### Exercise
Whenever an image turns up, omit it and return the remaining data exactly.

### Data block
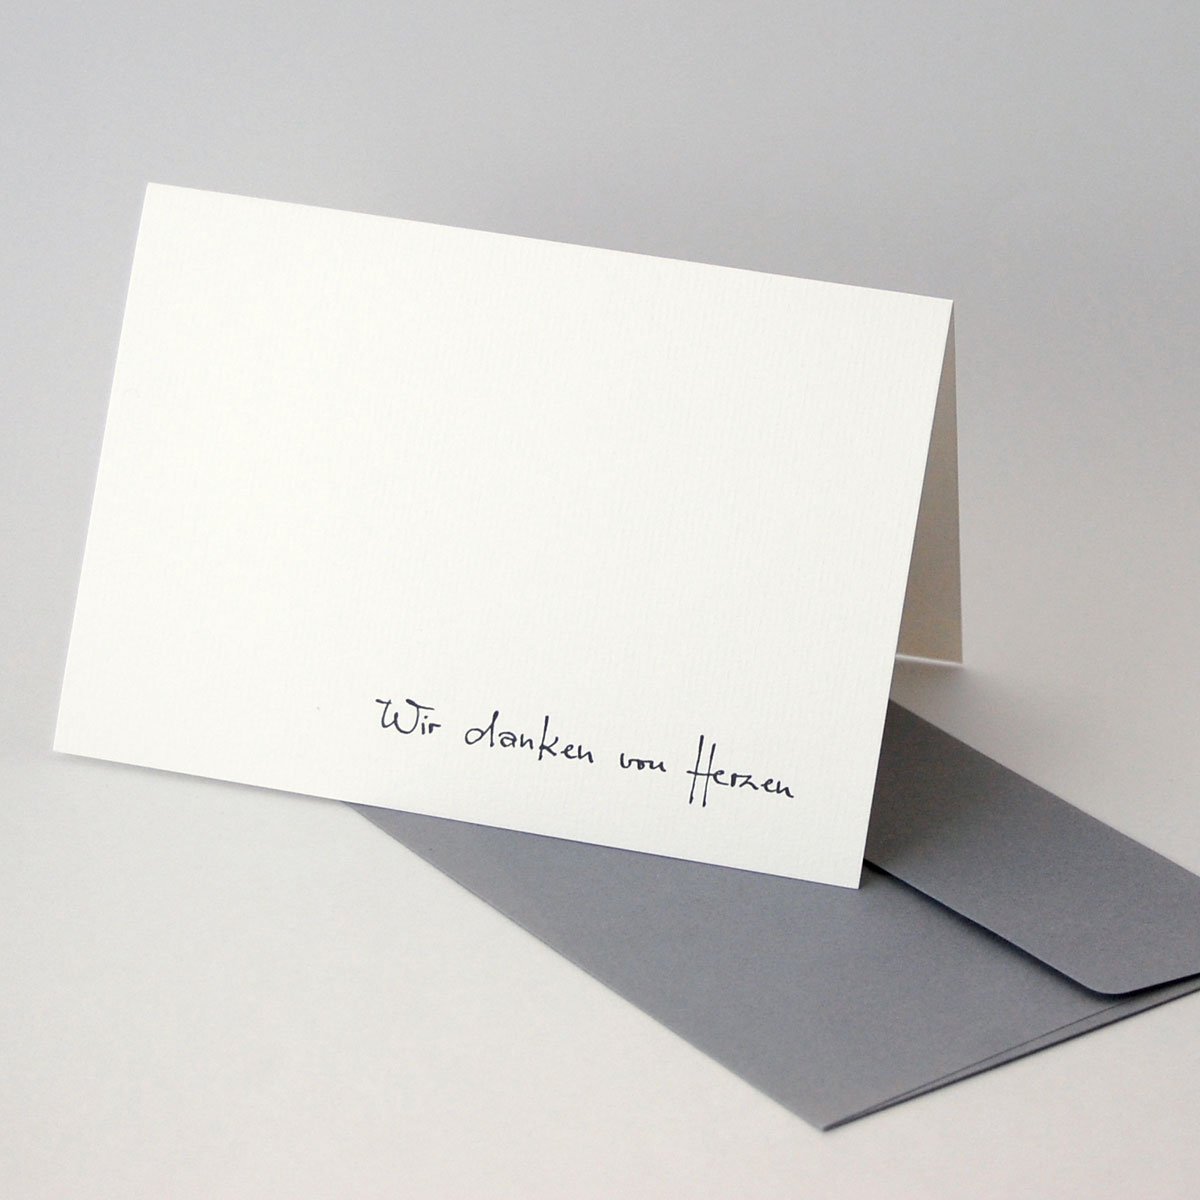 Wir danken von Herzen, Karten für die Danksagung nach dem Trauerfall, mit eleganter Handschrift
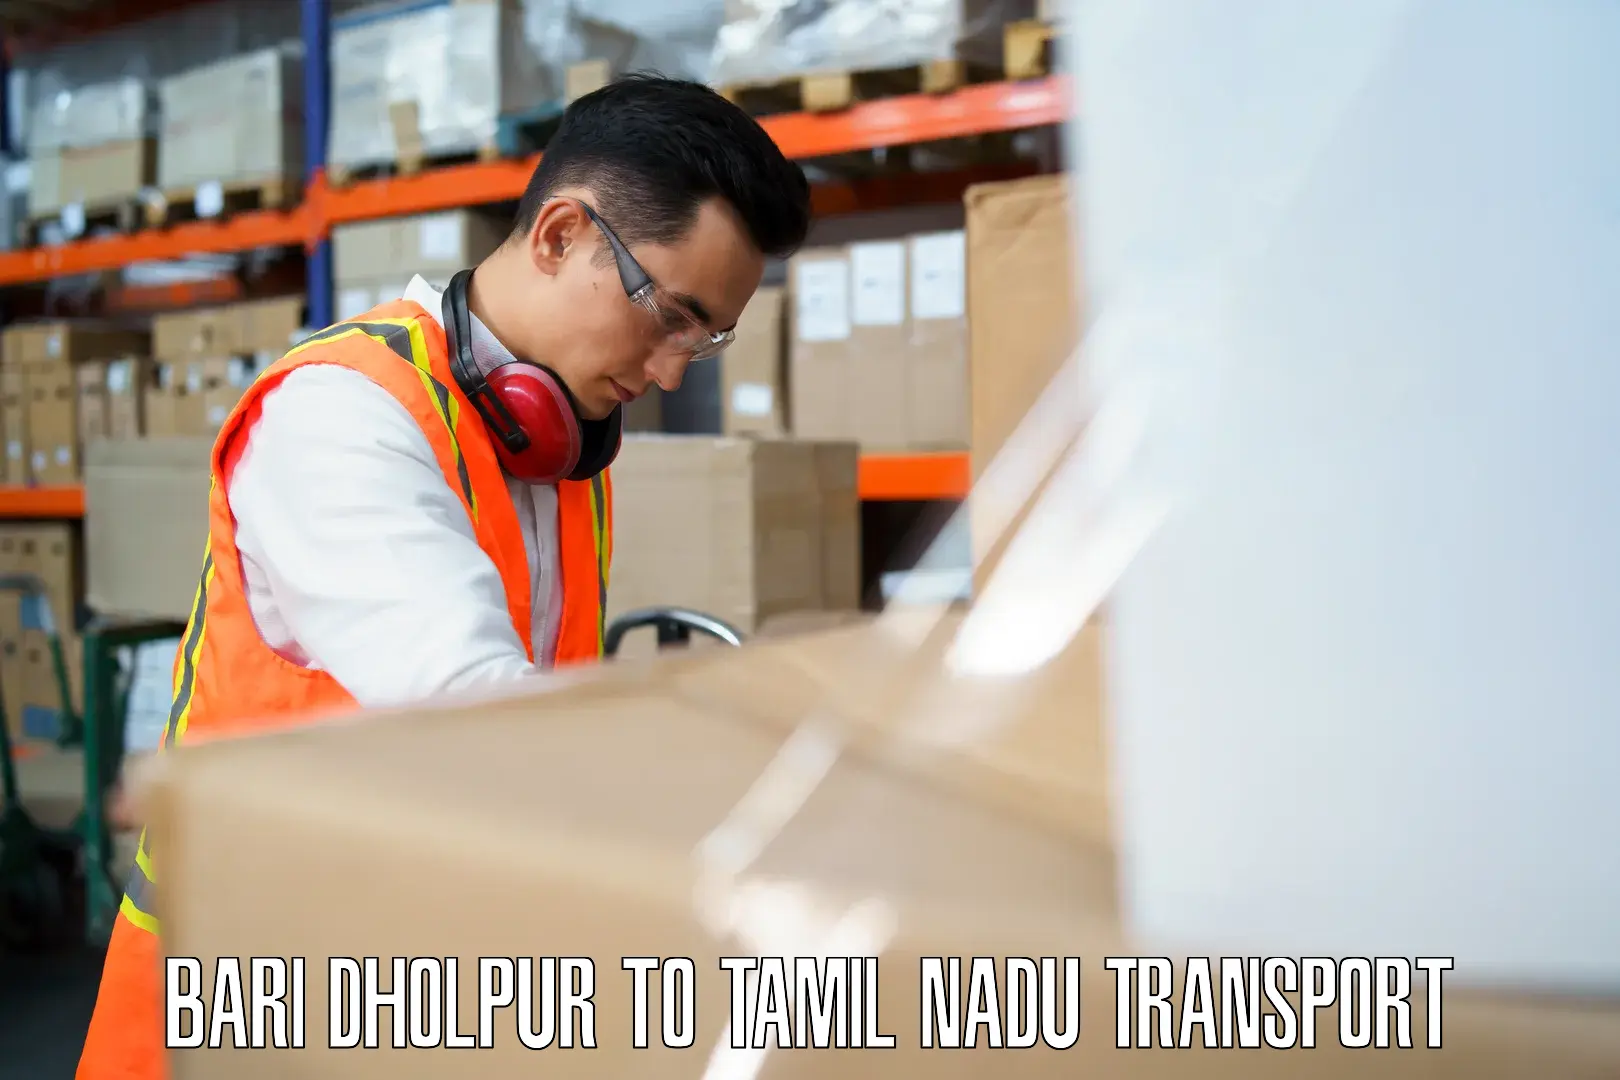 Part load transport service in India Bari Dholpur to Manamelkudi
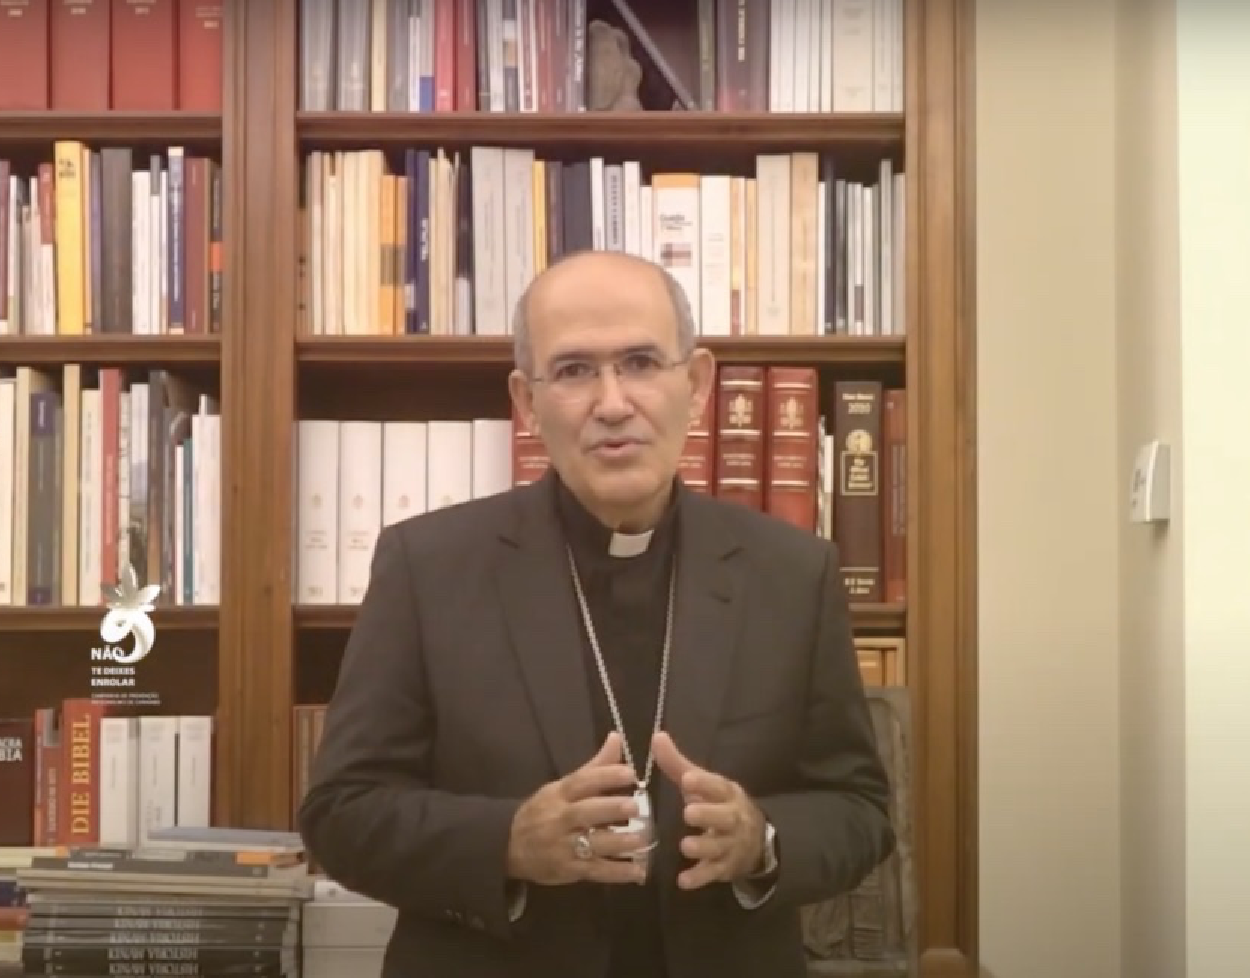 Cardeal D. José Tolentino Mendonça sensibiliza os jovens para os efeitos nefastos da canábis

### Solution to this exercise
 Wir danken von Herzen, Karten für die Danksagung nach dem Trauerfall, mit eleganter Handschrift
 Part load transport service in India Bari Dholpur to Manamelkudi
 Cardeal D. José Tolentino Mendonça sensibiliza os jovens para os efeitos nefastos da canábis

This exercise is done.